A week after the announcement, the fury continues.

Thami Bolani, chairperson of the National Consumer Forum, said they would be issuing an open letter to the minister of transport today. The letter calls for the creation of a forum made up of companies and organisations that are likely to be affected by the new tolls, and to be part of a discussion around the high tariffs.

“What this is is anti-people; you are penalising people for using the roads,” he said.

Cosatu spokesman Patrick Craven said the union federation opposed the tolling system and that a company would be making huge profits from something that could have an adverse effect on the economy. “Roads are a public service, and not for anyone to make a profit from,” he said.

He added that Cosatu was concerned about the effects, in particular the higher inflation the toll was likely to cause.

Craven also said the federation was concerned that the tolls would cause greater congestion on alternative routes.

In 2009, Sanral handed out a contract for R1.16 billion to a consortium to run the electronic tolling (e-toll) system, which is part of the R20bn budget for the Gauteng Freeway Improvement Project.

The Star has established that the cost of the contract has increased to R4.56bn.

The contract for the “implementation and operations” of the e-tolling system was awarded to the Electronic Toll Collection joint venture.

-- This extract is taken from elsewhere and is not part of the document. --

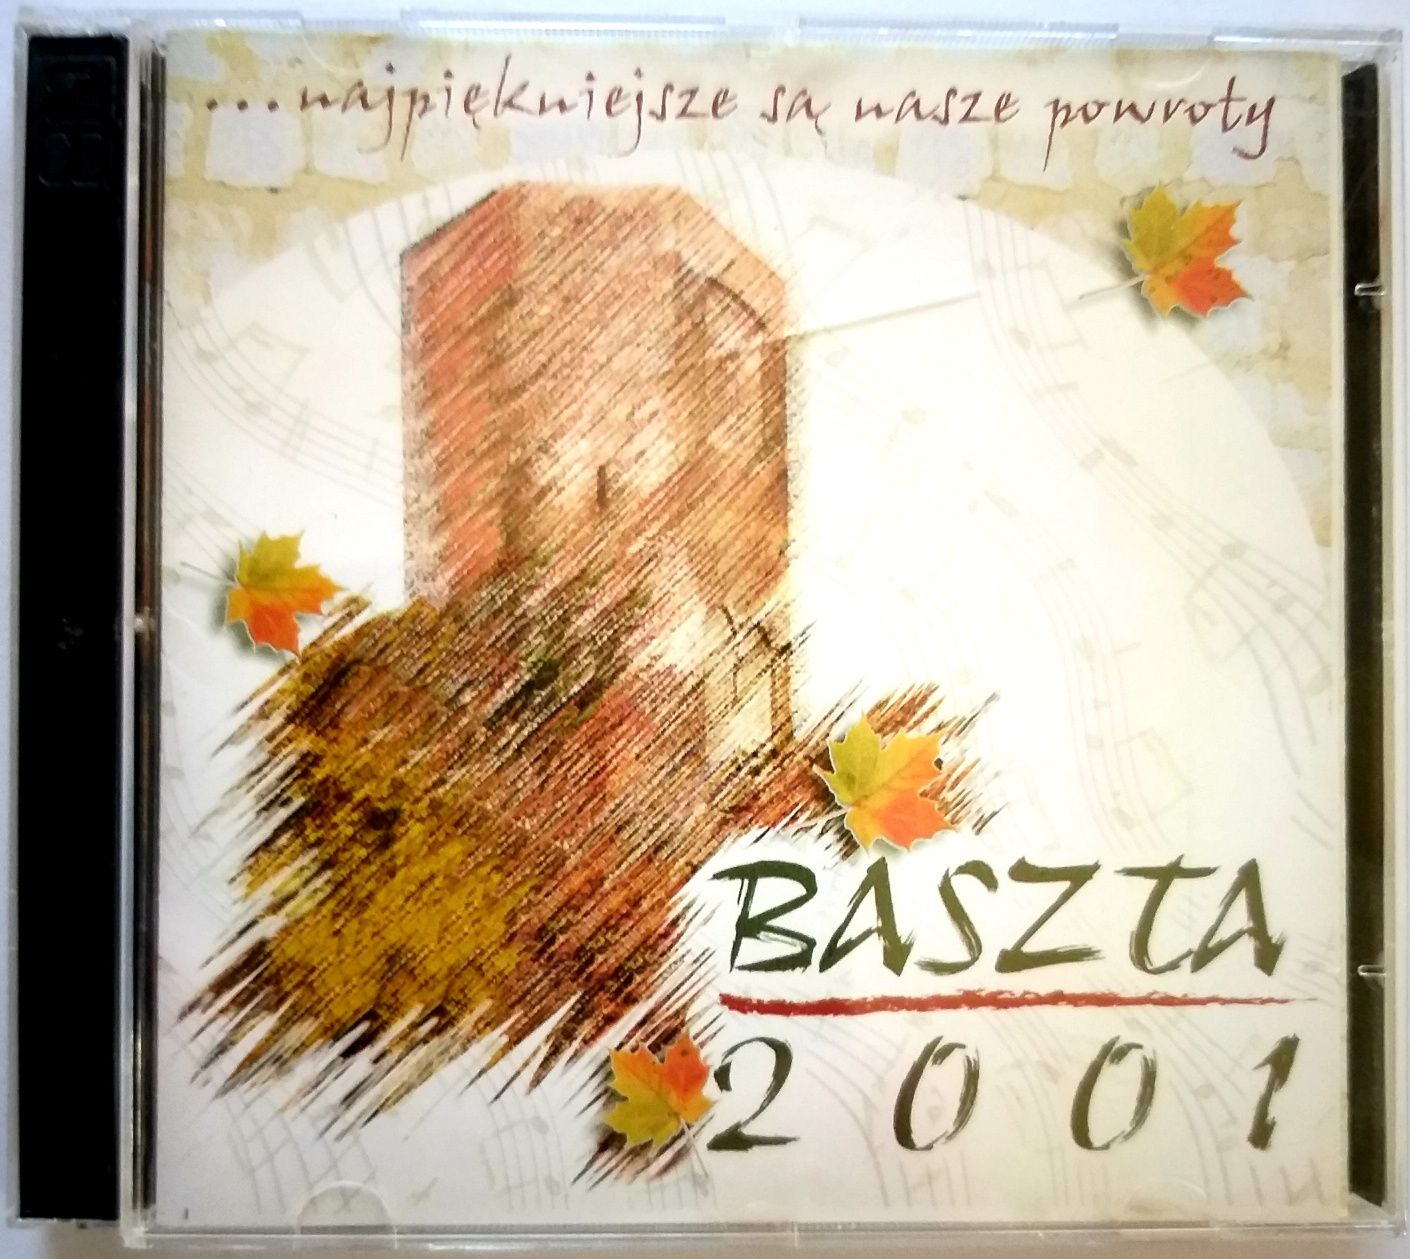 Baszta 2001 2CD Dauszkiewicz Wasik Czyżykiewicz Tomczak Wożniak

The Star has established that this deal involves a South African business, TMT Services and Supplies, and the Austrian-headquartered Kapsch TrafficCom AG.

At the time, TMT had 35 percent of the contract and Kapsch 65 percent.

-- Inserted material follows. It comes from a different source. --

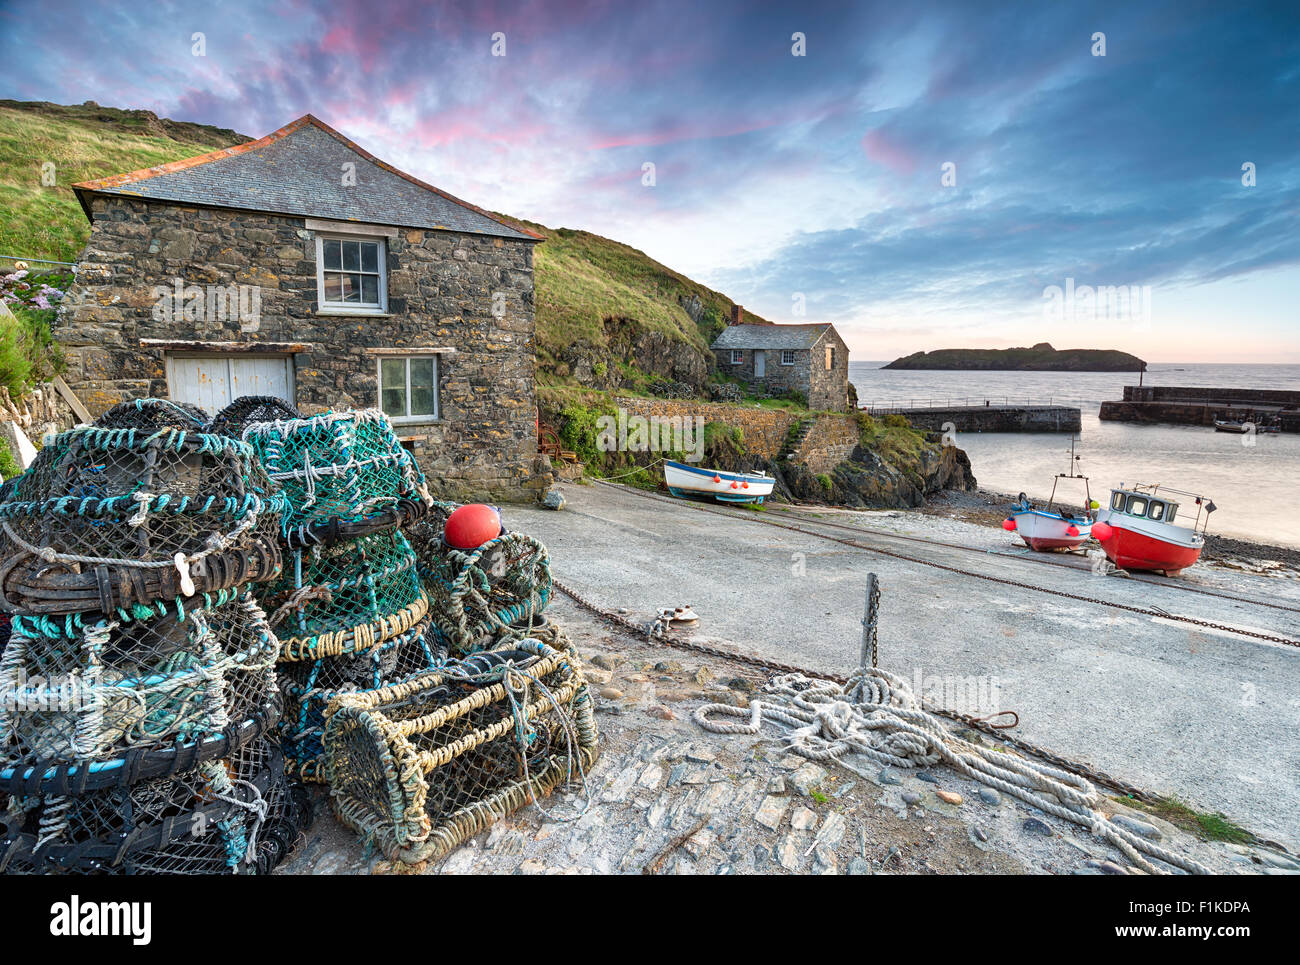 Tramonto a Mullion Cove, un piccolo villaggio di pescatori sulla penisola di Lizard sulla costa della Cornovaglia Foto Stock

Part of the e-toll contract was then subcontracted to South African IT business GijimaAst, a company that ended up in a legal wrangle with Home Affairs over an identity document contract.

Seven months after Sanral’s announcement of the tender award, Kapsch revealed it had increased its shares in TMT to 51.43 percent – which means the business is primarily foreign owned – and websites boasted about the profits from a R4.56bn contract.

Sanral CEO Nazir Alli confirmed the R3.4bn extra was fees to the consortium for operating the system for up to eight years.

Sanral, had not previously indicated that the total cost of the tender to build and operate the e-toll system, excluding the building of the gantries, was R4.56bn.